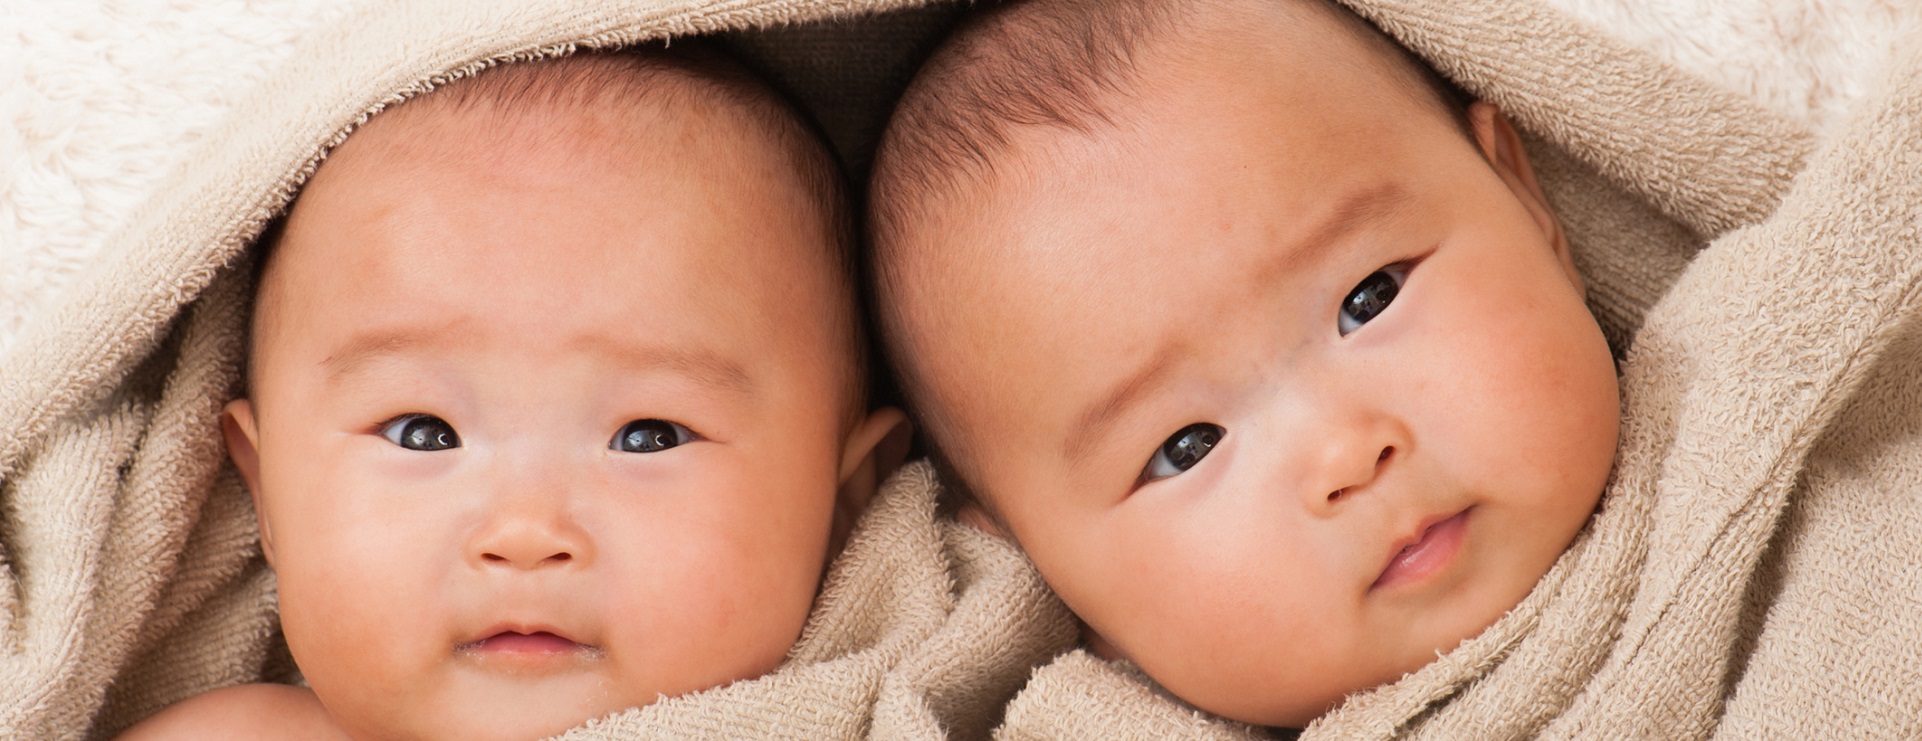 Twin Pregnancy: Answers from an Expert | Johns Hopkins Medicine
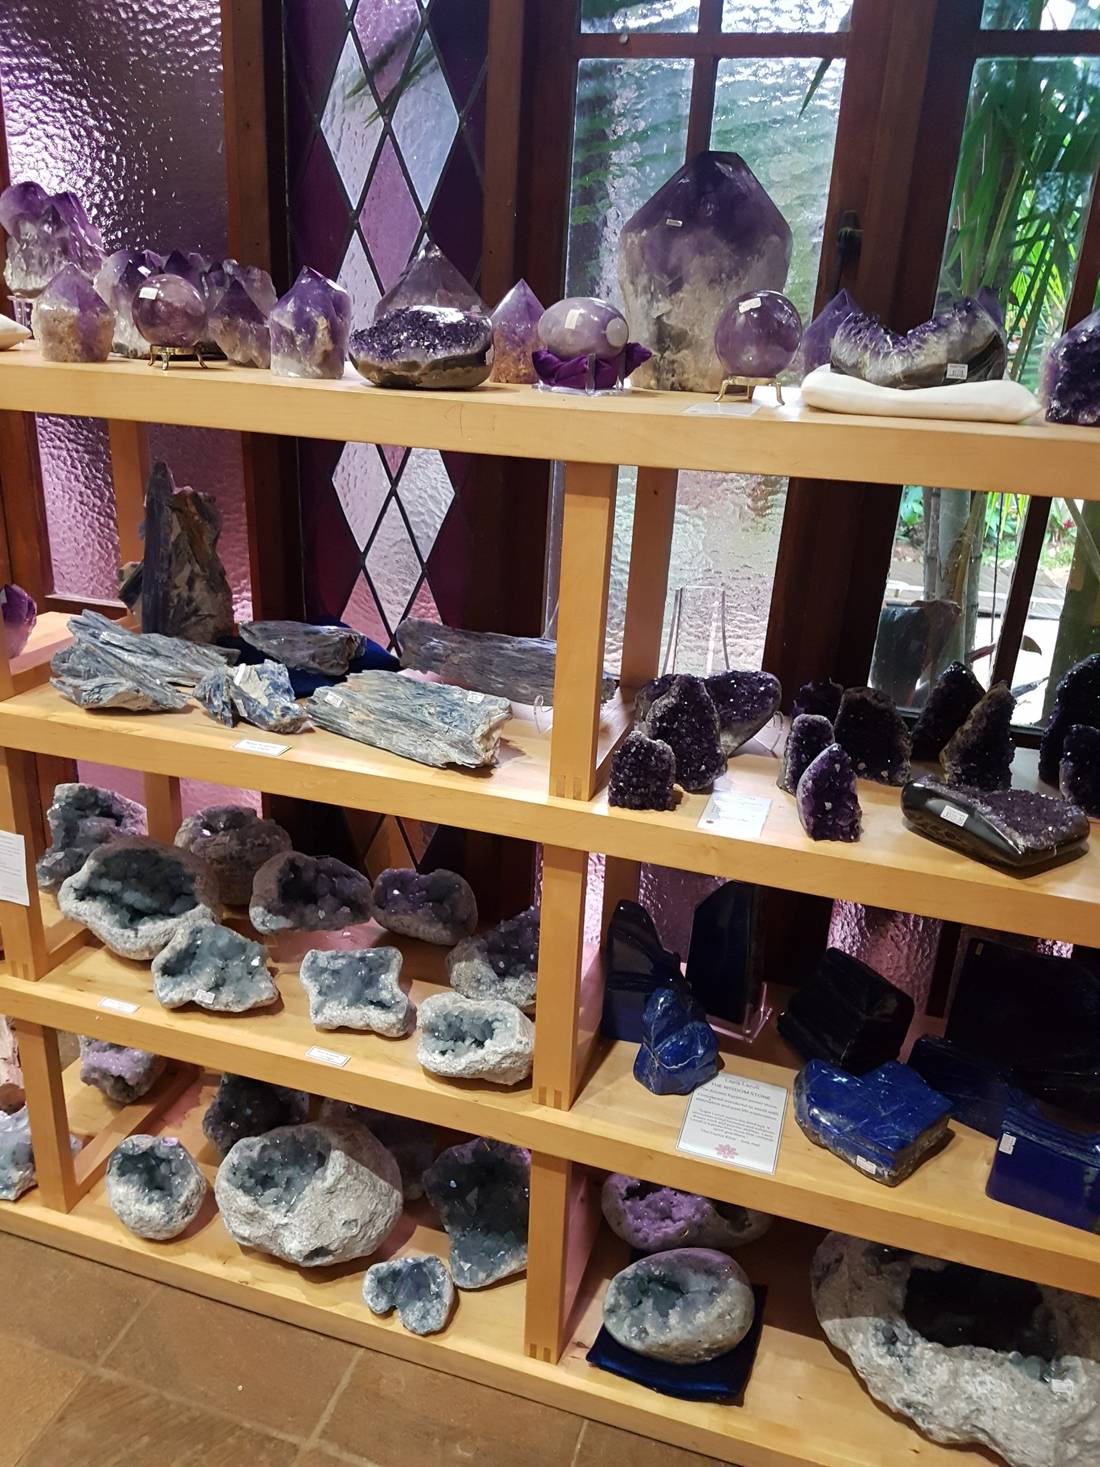 The shop was amazing and a bit overwhelming. I have a few small crystals at home but did not buy any here. Though it was tempting they were out of my price range.
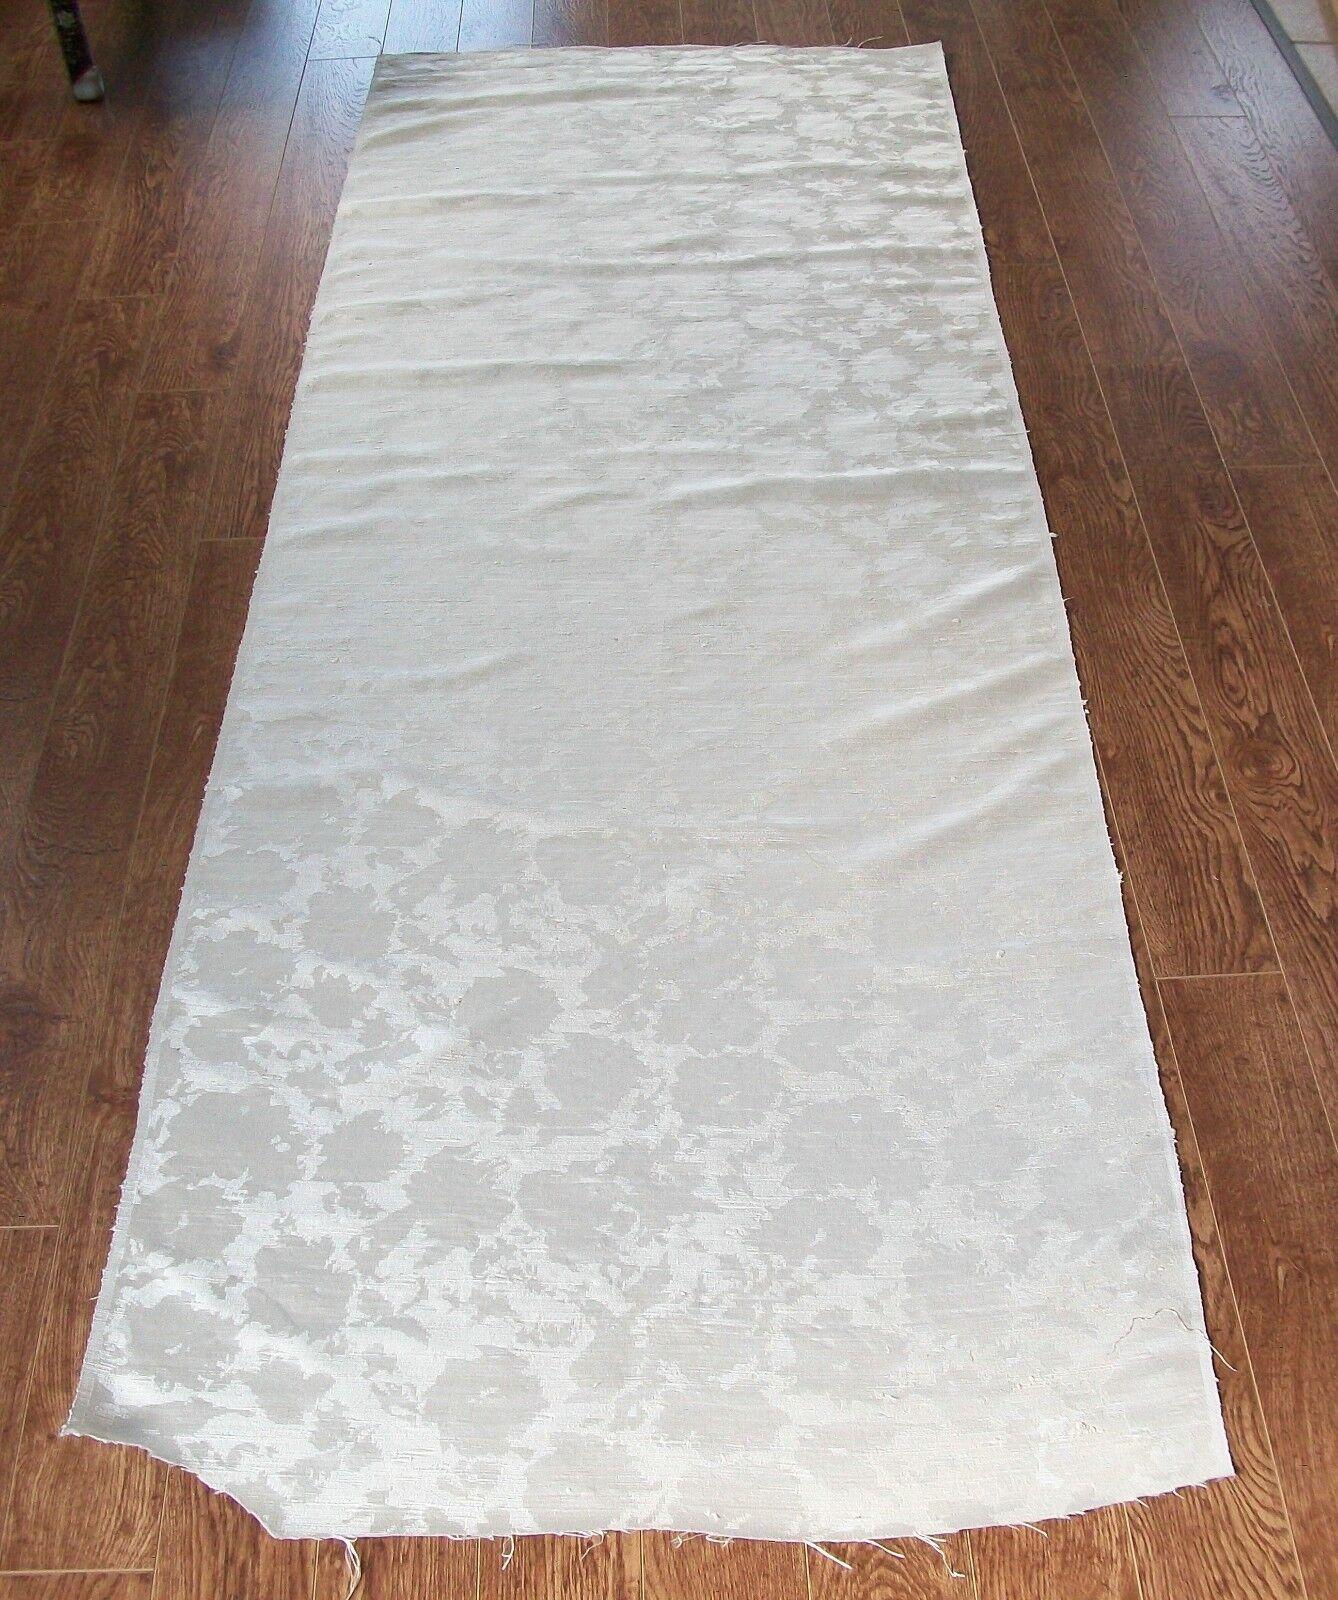 Hand-Woven Vintage Japanese Floral Silk Damask Fabric - Pearl Gray - 100% Silk - C.1950's For Sale
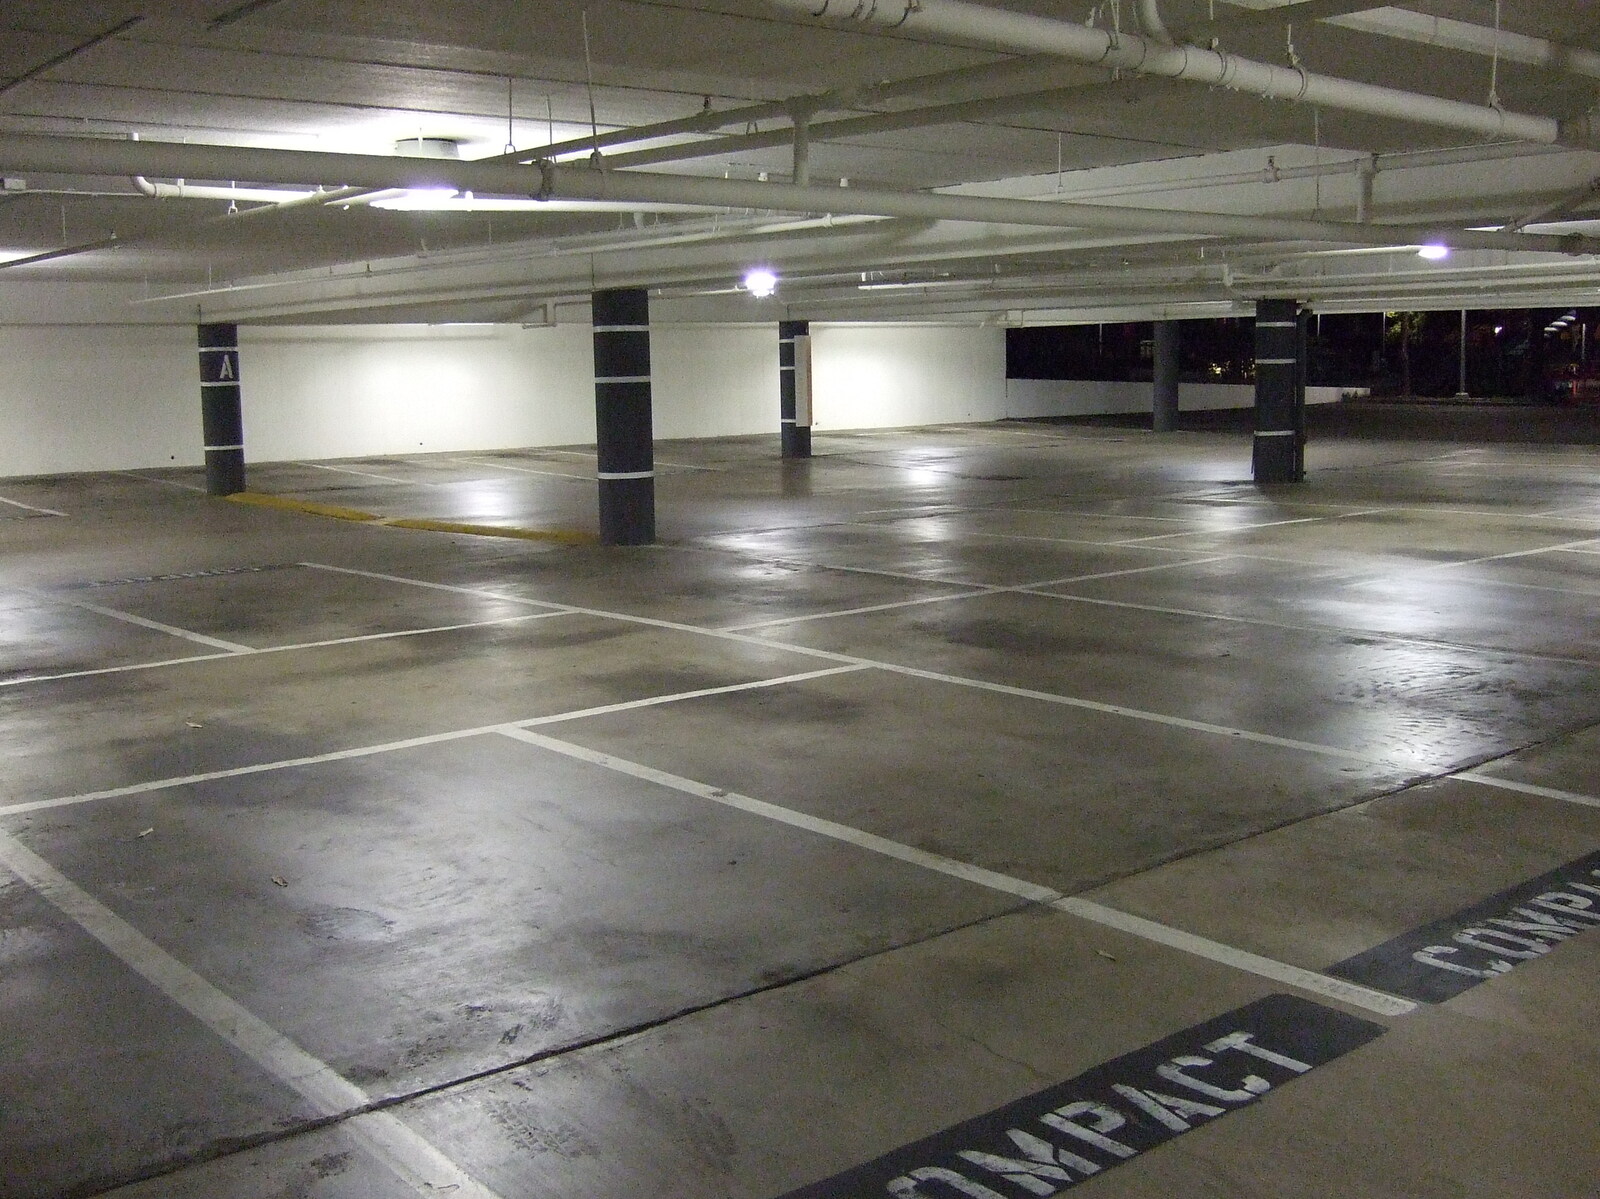 San Diego and Hollywood, California, US - 3rd March 2008: The UCSD car park is deserted at night
═══
* **Work instructions**: Start at the line containing "The shop was" above and stop at the line containing "Hand-Woven Vintage Japanese". Output those lines exactly, both included, but none of the pictures.

* **Exercise response**:
 The shop was amazing and a bit overwhelming. I have a few small crystals at home but did not buy any here. Though it was tempting they were out of my price range.
 Hand-Woven Vintage Japanese Floral Silk Damask Fabric - Pearl Gray - 100% Silk - C.1950's For Sale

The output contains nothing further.